Abstract
The expansion of benefit package covering patients with chronic kidney diseases (CKD) since 2007
resulted in increased access to care and minimized disparity of access to renal replacement therapy (RRT)
across public health insurance schemes. Nonetheless, growing concerns of financial burden to the public
health programs ensued. This poses a challenge for policy makers in terms of inventing preventive or
mitigation measures for CKD.
Recently (2016) Ministry of Public Health promulgated upscaling of Klong Klung Model (KKM) as a
prototype for such measures after the findings of effectiveness of the model. Given complexity of the
health care systems, the upscaling might not be straightforward. There is still need for clarification of
what and how building blocks of the model were developed under specific circumstance of Klong Klung
District in Khampang Phet Province, a lower northern province.

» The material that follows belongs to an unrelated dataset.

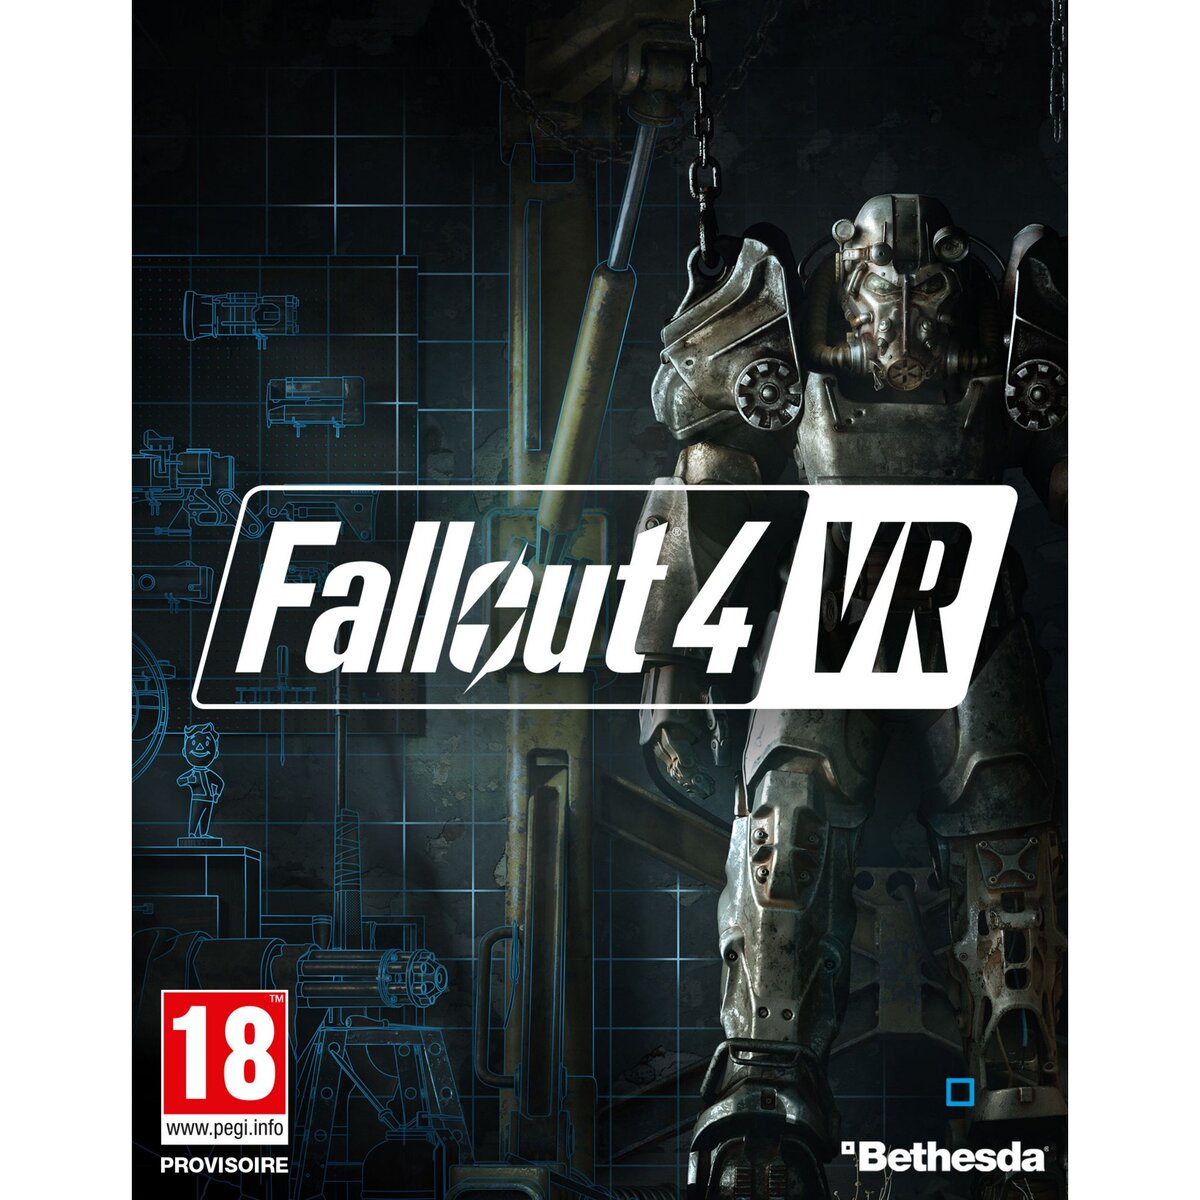 Fallout 4 VR PC

Using comparative cross-case analysis, this report gathered data from focus-group discussions,
direct observation and documentary review relevant to development of CKD care models in Klong Klung
District and its comparator in Kong Rha District, Phattalung Province in the South. It was found that KKM, with a focus on prevention and mitigation of CKD, was developed based on
randomized controlled trial to test a standardized protocol jointly determined by Klong Klung Hospital
and the Kidney Disease Institute of Thailand. To the contrary, the care model at Kong Rha District covered
a spectrum of care ranging from prevention to RRT. Kong Rha adopted a trial and error approach in
applying existing knowledge acquired by the local team in close collaboration with a multidisciplinary
team of Phattalung Hospital (the referral center of the province) led by an internist with training in kidney
dialysis. Given such differences, both models shared a common feature of leadership: sustained leading
role of a senior nurse head for Kong Rha and of the hospital director for Klong Klung. Both leaders was
found to perform in a remarkably autonomous status based on patient-centric principle. Under this leadership
style, multidisciplinary team members interacted on an equal ground rendering ongoing learning
and adaptation.
In term of generating knowledge on the effectiveness, KKM was found to be much more systematic
in data management and analysis reflecting a significant technical contribution from academic experts of
the institute. In contrast, Kong Rha faced with limited capacity in terms of manpower and technical
expertise in making use of the data. This resulted as expected in more ambiguous findings to prove the
effectiveness of the model. In effect, the limitations of Kong Rha reflect widespread phenomenon of sluggish
development of the capacity to make use of existing health information systems in the country despite
substantial investment in the hardware.
Finally, we did not find “vulnerable population” as a common language among the study areas. This
does not mean that the health professionals play down the importance of ensuring access to care of the
poor or the disadvantaged. To the opposite, they have made substantial attempts to do so. For instance,
community resources were mobilized to reconstruct a sufficient hygienic space for home-based peritoneal
dialysis in Kong Rha. Under KKM frequent home visits to all the patients especially the poor enabled
better understanding of limited food choices contributing to difficulty in sodium reduction. This led to
modification of dietary education to be more suitable to the poor patients’ situation.